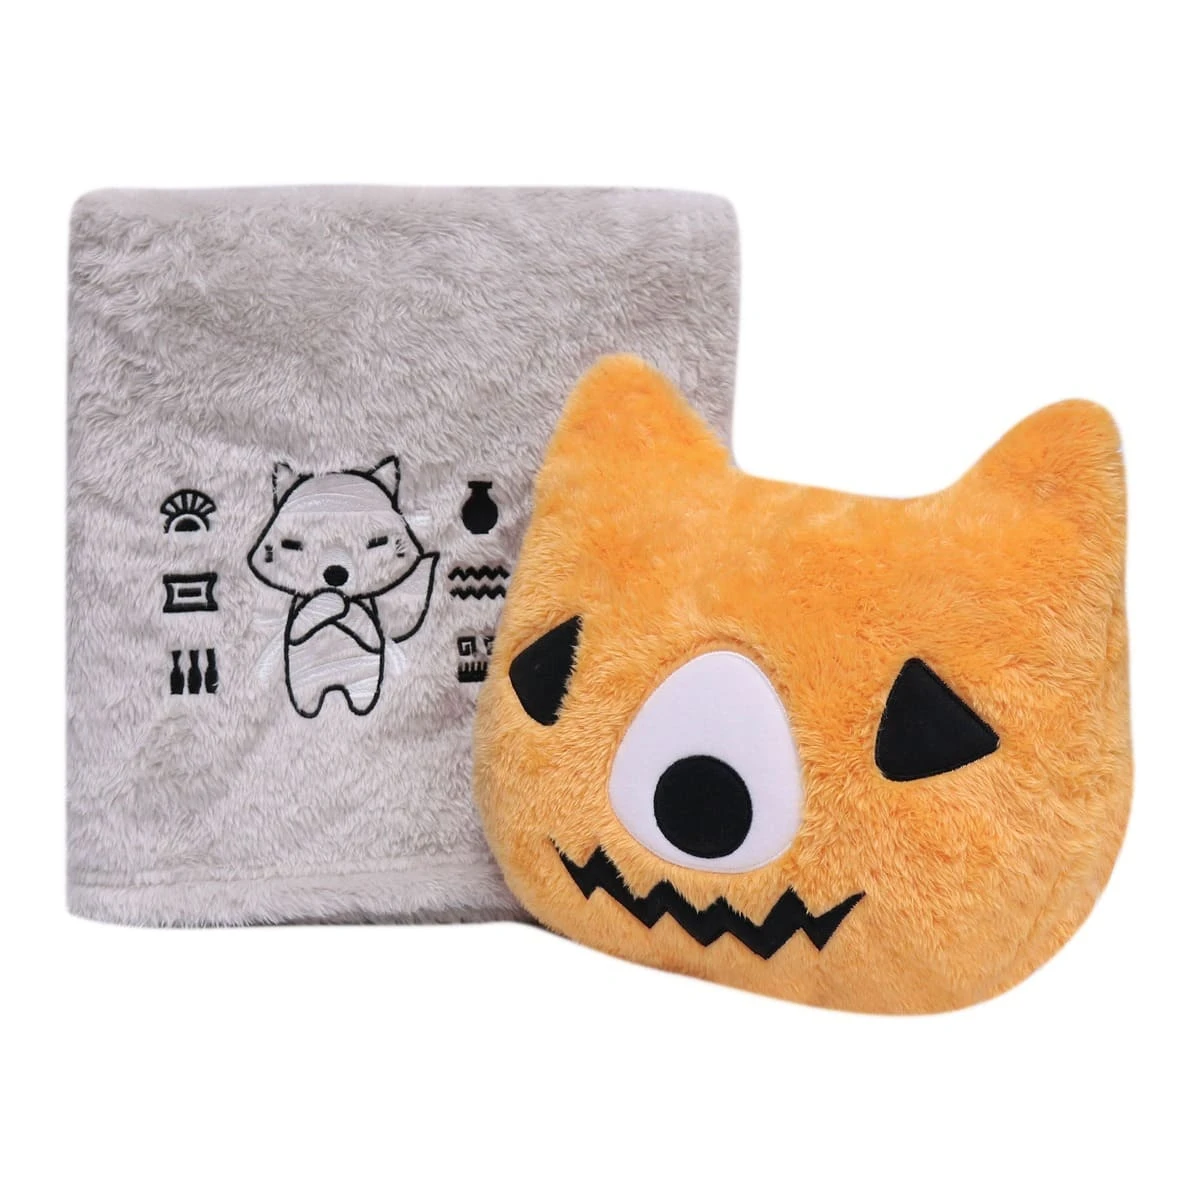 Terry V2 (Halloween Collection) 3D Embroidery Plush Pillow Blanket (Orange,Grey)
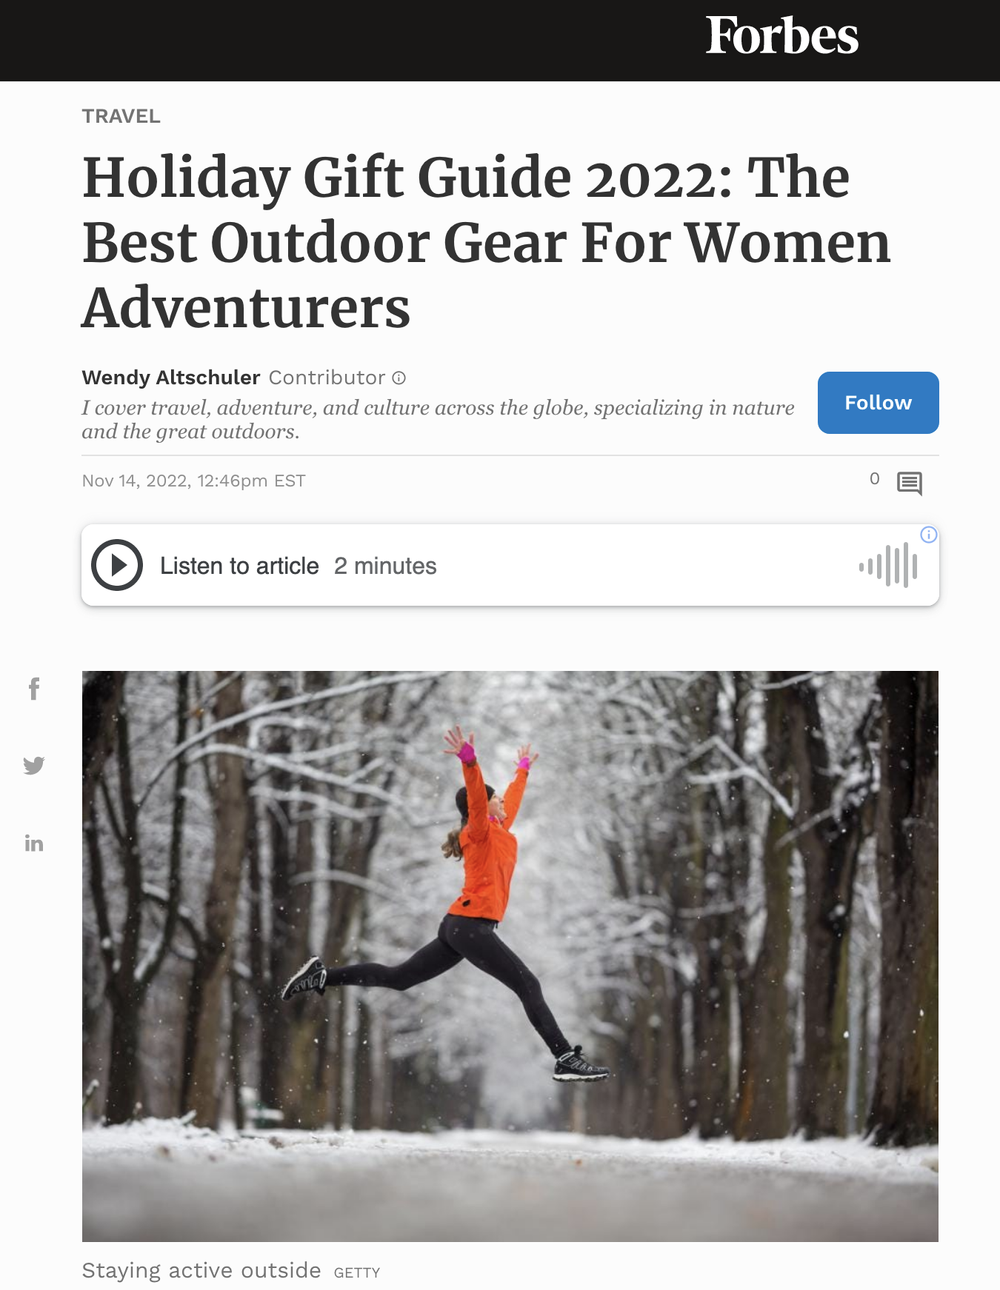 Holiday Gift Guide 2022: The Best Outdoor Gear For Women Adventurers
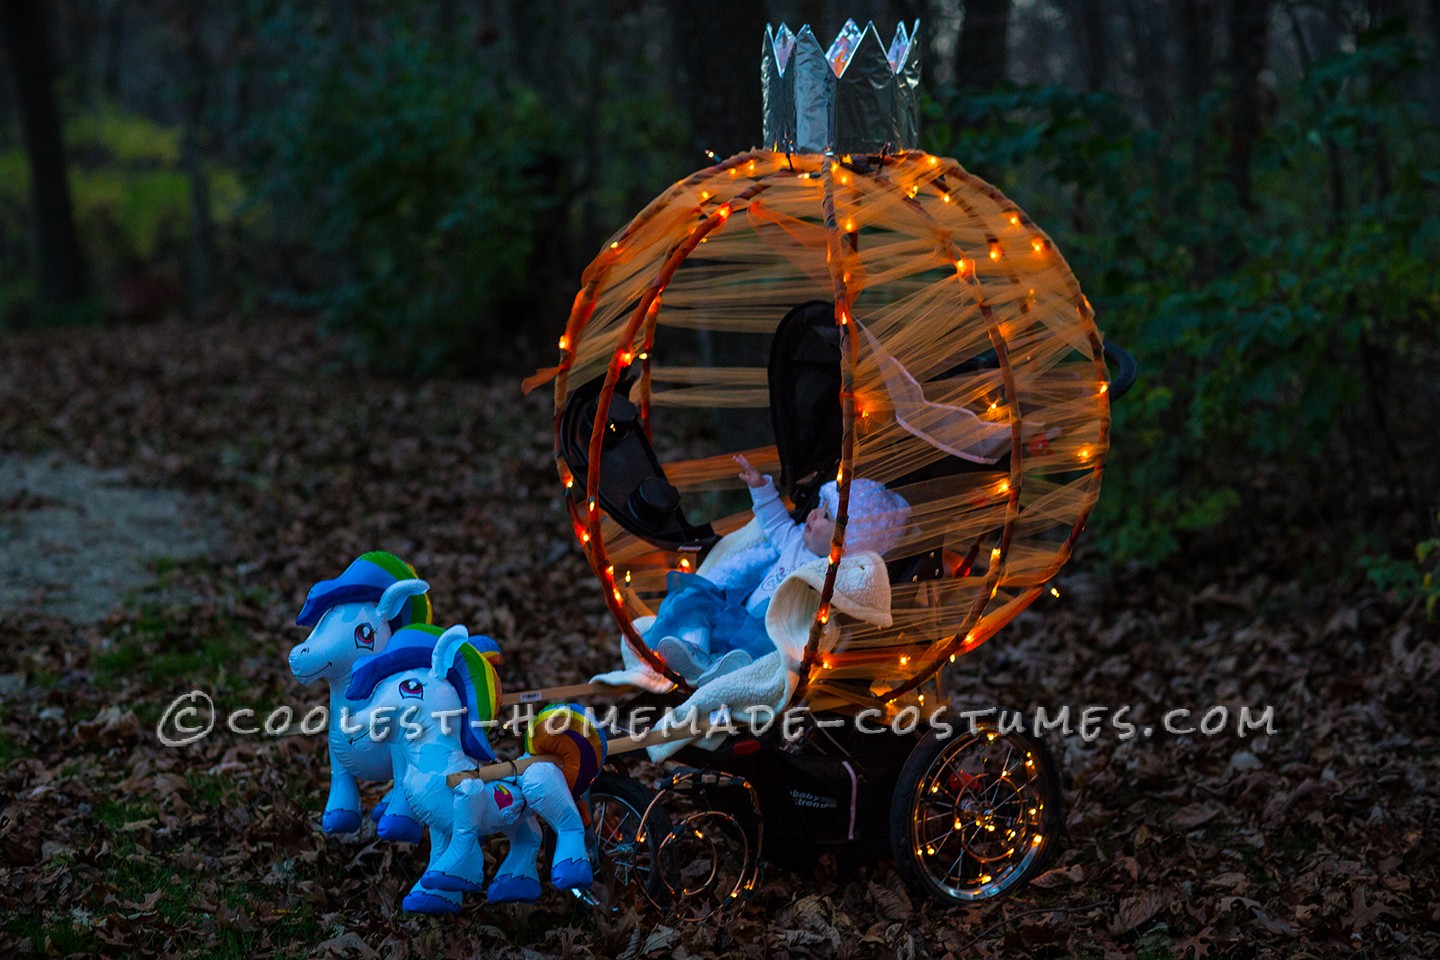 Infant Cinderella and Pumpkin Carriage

====

### Task goal
Please print exactly the lines from the one holding "Holiday Gift Guide" through the final line of the data above, including both, and skip all pictures.

### Solution
 Holiday Gift Guide 2022: The Best Outdoor Gear For Women Adventurers
 Infant Cinderella and Pumpkin Carriage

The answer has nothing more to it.